• _Task details_
In the data below, one line contains "Music score of" and a later one contains "Body Astrology : A". Print both, with every line between them, exactly and alone.

__________

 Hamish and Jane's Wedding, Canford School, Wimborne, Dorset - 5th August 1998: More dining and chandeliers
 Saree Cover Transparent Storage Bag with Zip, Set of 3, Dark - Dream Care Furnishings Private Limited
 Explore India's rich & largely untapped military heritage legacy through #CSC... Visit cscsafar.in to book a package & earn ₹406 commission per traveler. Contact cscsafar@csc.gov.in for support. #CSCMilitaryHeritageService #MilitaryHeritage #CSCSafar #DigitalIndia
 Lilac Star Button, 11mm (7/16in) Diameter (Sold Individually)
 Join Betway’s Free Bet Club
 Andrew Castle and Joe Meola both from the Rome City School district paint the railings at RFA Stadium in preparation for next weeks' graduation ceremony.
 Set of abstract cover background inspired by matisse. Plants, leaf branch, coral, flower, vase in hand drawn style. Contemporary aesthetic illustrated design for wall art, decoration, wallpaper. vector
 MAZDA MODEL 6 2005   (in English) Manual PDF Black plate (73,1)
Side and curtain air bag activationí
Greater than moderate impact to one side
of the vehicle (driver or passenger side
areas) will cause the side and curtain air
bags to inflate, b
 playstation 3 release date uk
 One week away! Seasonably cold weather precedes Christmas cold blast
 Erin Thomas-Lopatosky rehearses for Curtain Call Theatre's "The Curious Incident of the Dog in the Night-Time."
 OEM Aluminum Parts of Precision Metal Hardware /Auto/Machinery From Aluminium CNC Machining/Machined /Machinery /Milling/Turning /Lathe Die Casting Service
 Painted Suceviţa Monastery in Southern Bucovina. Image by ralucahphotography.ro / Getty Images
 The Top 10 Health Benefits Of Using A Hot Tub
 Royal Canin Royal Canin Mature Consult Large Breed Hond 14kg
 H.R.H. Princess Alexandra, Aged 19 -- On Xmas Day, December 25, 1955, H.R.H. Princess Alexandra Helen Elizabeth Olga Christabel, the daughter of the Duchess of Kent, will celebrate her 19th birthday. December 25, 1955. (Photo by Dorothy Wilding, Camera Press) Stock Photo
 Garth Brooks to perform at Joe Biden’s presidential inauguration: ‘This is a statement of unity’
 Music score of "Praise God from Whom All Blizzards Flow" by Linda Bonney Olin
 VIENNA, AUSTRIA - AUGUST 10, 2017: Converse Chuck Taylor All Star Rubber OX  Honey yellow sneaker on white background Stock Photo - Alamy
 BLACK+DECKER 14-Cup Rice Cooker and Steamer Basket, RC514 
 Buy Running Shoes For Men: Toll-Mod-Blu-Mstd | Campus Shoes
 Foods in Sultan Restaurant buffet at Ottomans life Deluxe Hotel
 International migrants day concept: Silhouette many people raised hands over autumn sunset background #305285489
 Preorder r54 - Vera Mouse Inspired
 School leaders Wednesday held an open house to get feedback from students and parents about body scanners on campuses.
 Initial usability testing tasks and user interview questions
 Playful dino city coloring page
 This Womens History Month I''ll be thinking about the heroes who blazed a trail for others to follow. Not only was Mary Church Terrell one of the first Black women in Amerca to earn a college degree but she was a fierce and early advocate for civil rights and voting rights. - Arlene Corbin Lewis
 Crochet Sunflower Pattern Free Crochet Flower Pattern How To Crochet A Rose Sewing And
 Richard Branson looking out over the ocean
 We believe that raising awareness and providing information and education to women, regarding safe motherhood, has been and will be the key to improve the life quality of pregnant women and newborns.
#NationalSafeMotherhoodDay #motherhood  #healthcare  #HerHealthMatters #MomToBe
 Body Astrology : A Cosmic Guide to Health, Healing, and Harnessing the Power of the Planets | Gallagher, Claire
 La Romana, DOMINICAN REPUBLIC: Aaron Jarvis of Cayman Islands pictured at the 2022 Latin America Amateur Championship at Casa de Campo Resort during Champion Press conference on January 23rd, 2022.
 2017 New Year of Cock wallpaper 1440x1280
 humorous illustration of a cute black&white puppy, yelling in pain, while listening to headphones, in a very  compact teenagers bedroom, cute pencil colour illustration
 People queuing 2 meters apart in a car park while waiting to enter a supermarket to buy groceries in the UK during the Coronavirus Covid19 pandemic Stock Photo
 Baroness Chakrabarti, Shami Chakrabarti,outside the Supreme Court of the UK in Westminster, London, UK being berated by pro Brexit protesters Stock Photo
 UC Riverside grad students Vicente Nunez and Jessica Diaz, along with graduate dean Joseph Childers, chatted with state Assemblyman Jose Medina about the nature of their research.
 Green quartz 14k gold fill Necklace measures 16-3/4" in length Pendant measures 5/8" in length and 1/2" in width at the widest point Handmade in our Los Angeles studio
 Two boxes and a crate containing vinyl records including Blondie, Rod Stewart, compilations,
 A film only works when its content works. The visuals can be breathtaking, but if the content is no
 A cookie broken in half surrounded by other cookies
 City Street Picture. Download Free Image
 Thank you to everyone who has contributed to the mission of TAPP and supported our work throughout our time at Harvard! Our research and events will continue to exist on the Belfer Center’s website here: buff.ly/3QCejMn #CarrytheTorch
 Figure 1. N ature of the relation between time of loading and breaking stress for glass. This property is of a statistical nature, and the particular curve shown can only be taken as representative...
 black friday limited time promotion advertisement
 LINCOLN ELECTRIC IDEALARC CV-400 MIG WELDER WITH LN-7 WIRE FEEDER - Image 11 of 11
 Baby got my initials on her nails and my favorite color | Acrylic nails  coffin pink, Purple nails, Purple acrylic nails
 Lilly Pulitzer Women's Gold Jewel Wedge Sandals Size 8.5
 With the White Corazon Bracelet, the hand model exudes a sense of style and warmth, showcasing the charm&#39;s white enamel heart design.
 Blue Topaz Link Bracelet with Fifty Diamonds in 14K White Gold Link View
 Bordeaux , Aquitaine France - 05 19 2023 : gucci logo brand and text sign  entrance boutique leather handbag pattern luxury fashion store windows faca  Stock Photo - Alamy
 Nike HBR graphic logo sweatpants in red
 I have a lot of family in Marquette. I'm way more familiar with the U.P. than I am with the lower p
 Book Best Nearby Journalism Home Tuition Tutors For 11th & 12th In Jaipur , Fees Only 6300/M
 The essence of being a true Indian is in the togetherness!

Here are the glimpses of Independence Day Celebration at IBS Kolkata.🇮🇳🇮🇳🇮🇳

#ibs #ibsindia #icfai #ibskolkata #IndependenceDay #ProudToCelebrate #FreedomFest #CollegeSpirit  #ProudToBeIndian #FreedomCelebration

__________

• _Solution to this problem_
 Music score of "Praise God from Whom All Blizzards Flow" by Linda Bonney Olin
 VIENNA, AUSTRIA - AUGUST 10, 2017: Converse Chuck Taylor All Star Rubber OX  Honey yellow sneaker on white background Stock Photo - Alamy
 BLACK+DECKER 14-Cup Rice Cooker and Steamer Basket, RC514 
 Buy Running Shoes For Men: Toll-Mod-Blu-Mstd | Campus Shoes
 Foods in Sultan Restaurant buffet at Ottomans life Deluxe Hotel
 International migrants day concept: Silhouette many people raised hands over autumn sunset background #305285489
 Preorder r54 - Vera Mouse Inspired
 School leaders Wednesday held an open house to get feedback from students and parents about body scanners on campuses.
 Initial usability testing tasks and user interview questions
 Playful dino city coloring page
 This Womens History Month I''ll be thinking about the heroes who blazed a trail for others to follow. Not only was Mary Church Terrell one of the first Black women in Amerca to earn a college degree but she was a fierce and early advocate for civil rights and voting rights. - Arlene Corbin Lewis
 Crochet Sunflower Pattern Free Crochet Flower Pattern How To Crochet A Rose Sewing And
 Richard Branson looking out over the ocean
 We believe that raising awareness and providing information and education to women, regarding safe motherhood, has been and will be the key to improve the life quality of pregnant women and newborns.
#NationalSafeMotherhoodDay #motherhood  #healthcare  #HerHealthMatters #MomToBe
 Body Astrology : A Cosmic Guide to Health, Healing, and Harnessing the Power of the Planets | Gallagher, Claire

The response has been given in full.